The film that helped us realise Matt Damon could play a tough guy, The Bourne Identity and its sequels have been blamed/praised for changing/ruining (depending on who you listen to), the way spy and action films were made -specifically the Bond franchise (glares at Quantum Of Solace).

But going back to seeing this for the first time, it was a real breath of fresh air for a tired and bloated genre. Watching Damon’s amnesiac arse-kicker using a radio and a map to break free from an embassy was as cool as the bleak, snowy streets he climbed down to, and his use of a biro is the best use of a pen in a fight sequence since Grosse Pointe Blank.

When Doug Liman left and Paul Greengrass took over, that’s when the much-maligned shaky camera stuff really took off (though I largely think it works well for the sequels – adding urgency but removing clarity), but The Bourne Identity plays like a real thriller, simultaneously a bit of a traditional throwback (but far better than the book, in my opinion), and something utterly modern.

Extra marks also for the Moby track on the credits, a brilliant car chase and the coolest silenced pistol sound effect in cinema.

Requiem For A Dream (2000)

Urgh. I’m not even sure I like this film, but it’s one of the most powerful feelings I’ve ever had in the cinema.

I saw it alone at an afternoon screening in my first year of university, going in knowing pretty much nothing about it other than it was from the Pi guy and dealt with addiction.
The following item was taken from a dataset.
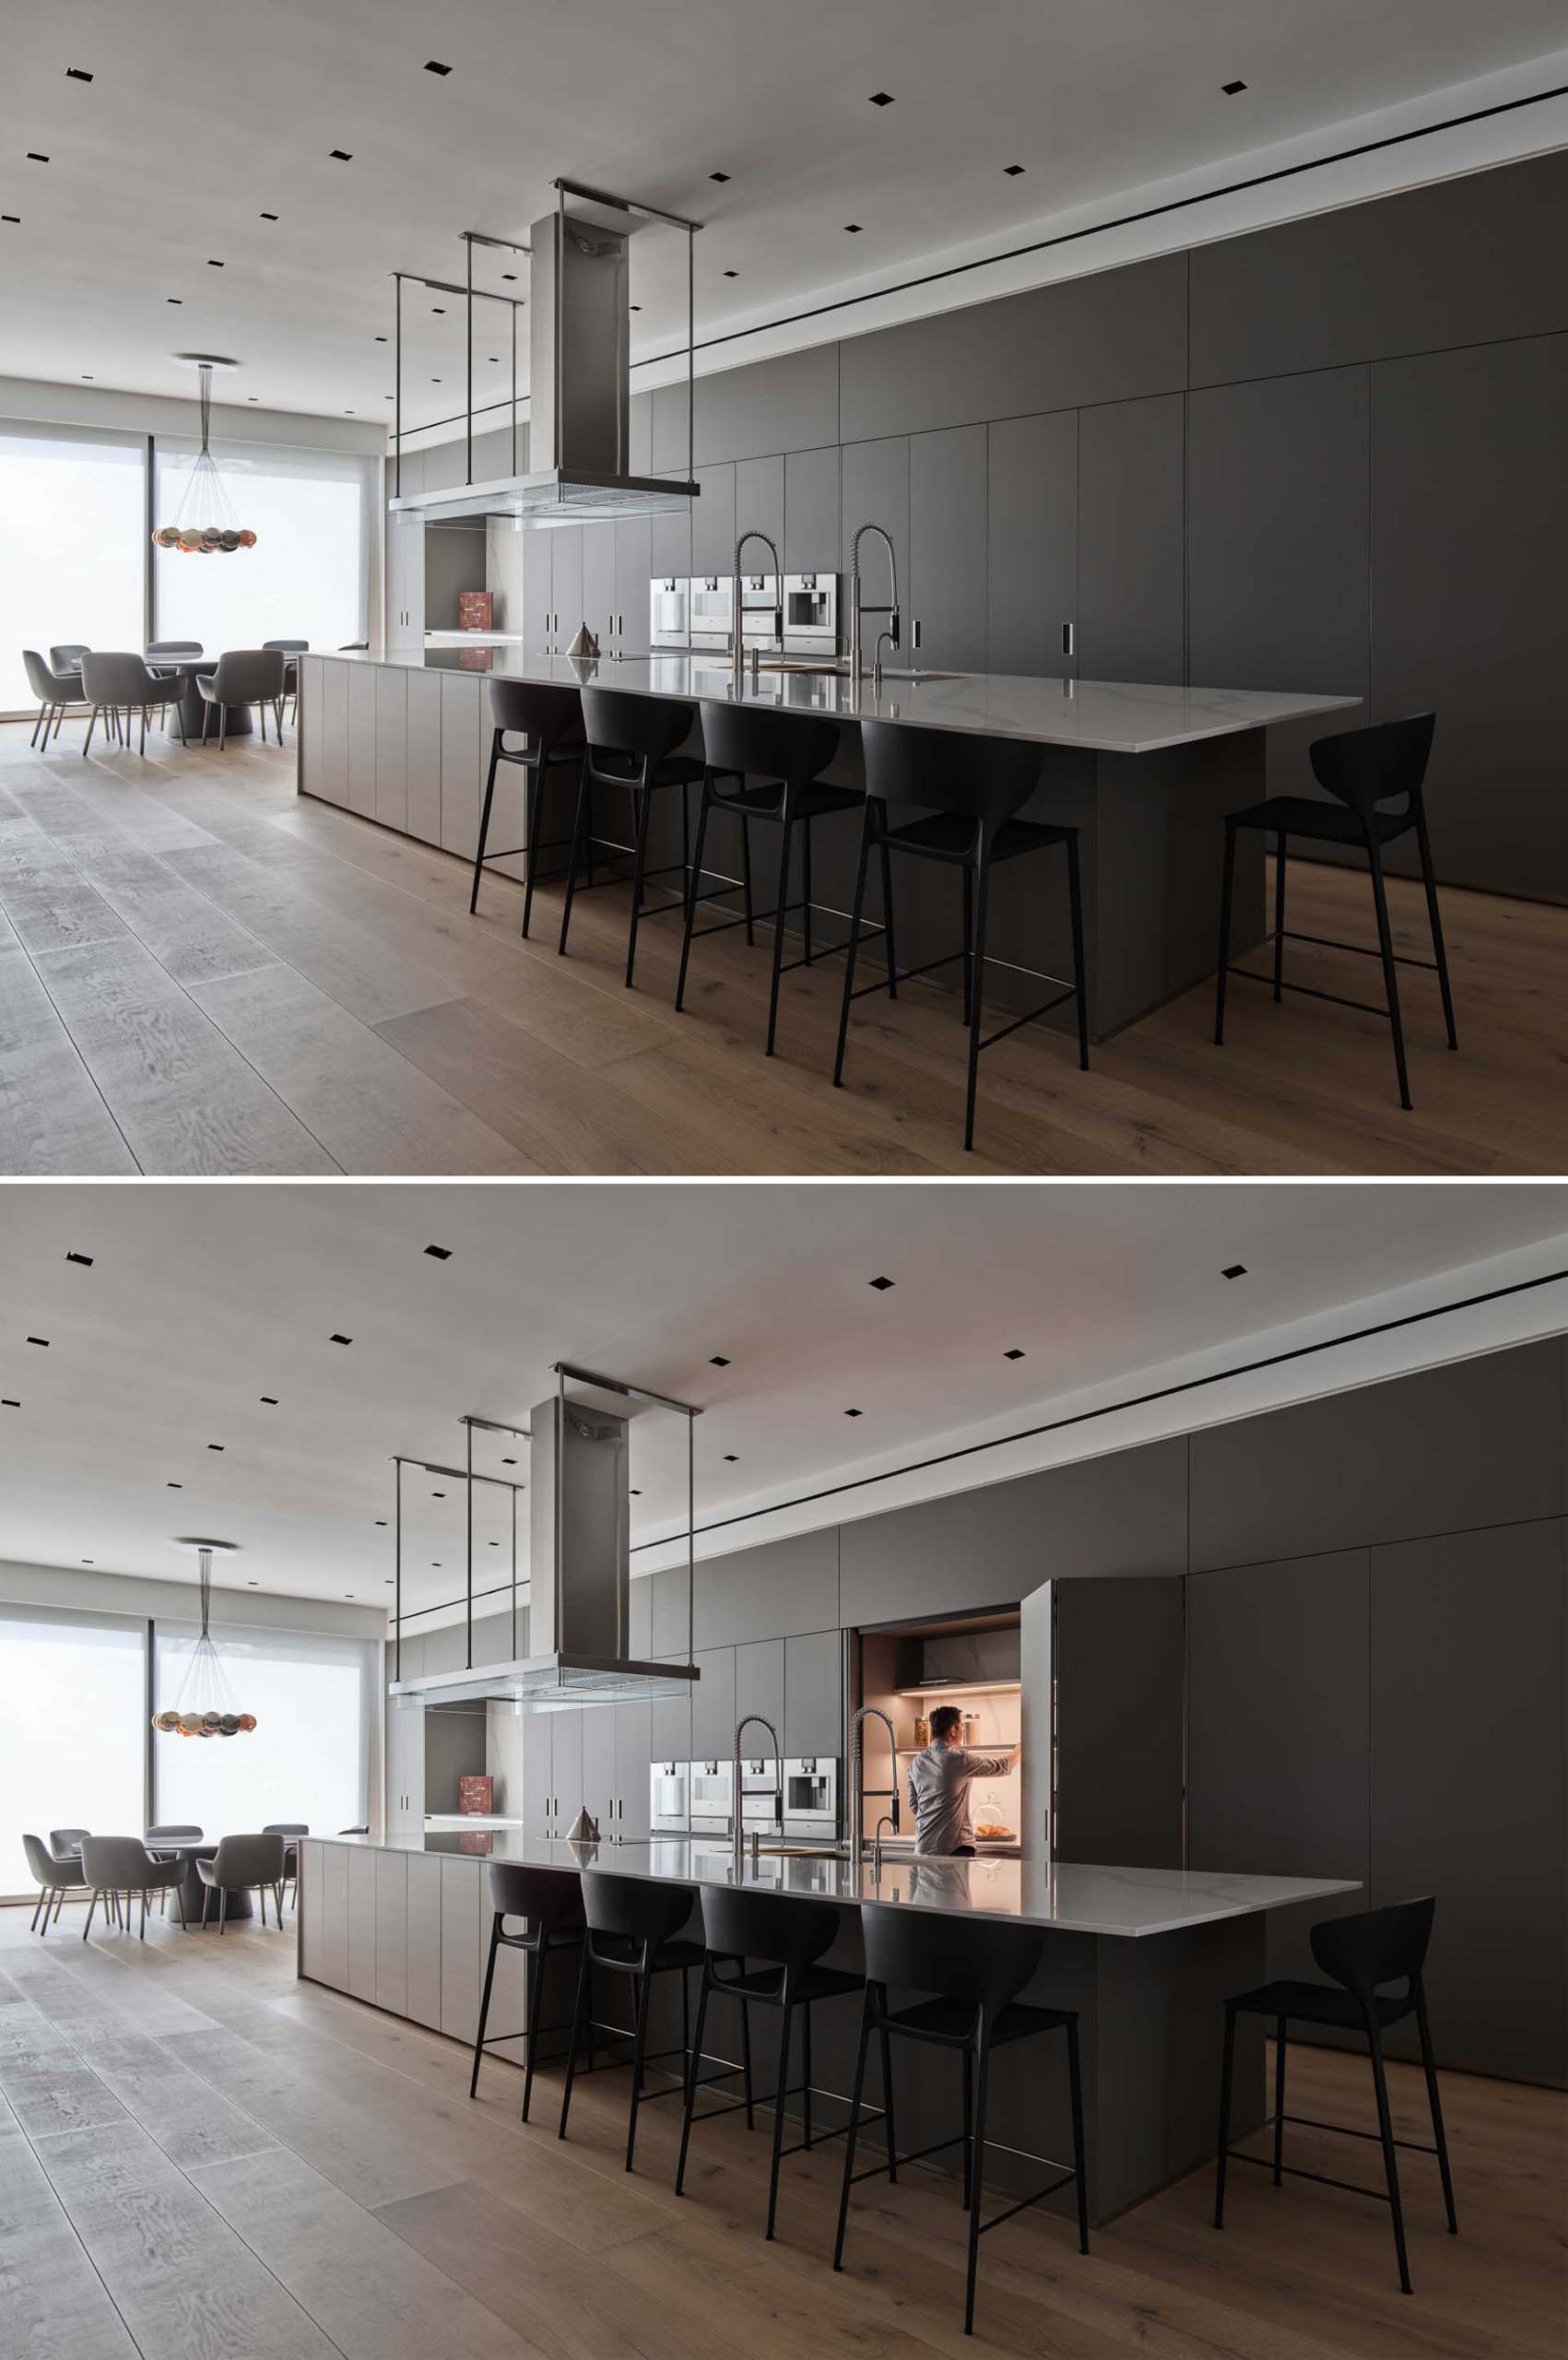 A modern kitchen with a long island and minimalist grey cabinets.

Two hours later, feeling like I’d been kicked in the stomach, I emerged into a drizzly, grey day and returned to my flat hoping to find signs of life and cheer, but my flatmates were all out, so I sat and drank tea and wallowed in bleakness for a while.

The performances are incredible, especially Ellen Burstyn who is utterly heartbreaking in her role as a mother so addicted to the idea of fame and escape she descends into a mental breakdown while her son (Jared Leto), plunges into heroin addiction with his girlfriend (Jennifer Connolly), and friend (Marlon Wayans).

I’ll be honest, I’ve had this on DVD since it came out because I still want to revisit and see if it’s aged well and still has the gut-punching power it did back in the day, but I’ve never had the bottle to stick it in the player.

I’ll get round to a Late Review of it one day, but until then I’ll just listen to the incredible Clint Mansell soundtrack and drink tea.

Casino Royale (2006)

Like many, I was disappointed with Die Another Day on its release – although looking back at it now, I’d argue there’s probably 45 minutes of a good film there, before it goes off the rails.

Martin Campbell’s second Bond film to make my By The Decade lists, Casino Royale was a much needed shot in the arm for the franchise, and as sad as I was to see Pierce Brosnan go, it introduced Daniel Craig’s 007 as more of a grunt and brought the series slightly more back to basics.

I was lucky enough to blag a couple of tickets to a regional premier screening of the film just before release (in full black tie, no less!), so obviously my memories of seeing this on the big screen are slightly rose-tinted, but between the thrilling opening black-and-white fight scene/assassination, Daniel Kleinman’s amazing titles set to Chris Cornell’s terrific You Know My Name, and the parkour chase, it’s clear we’re on different ground from the outset.

Is it perfect? No – in my opinion it’s too long, the Venice sequence feels tacked on and the running commentary over the poker game drags for me. It also set the course for the franchise to wallow in 007’s self-pity, leading to films of varying quality throughout the rest of Craig’s tenure.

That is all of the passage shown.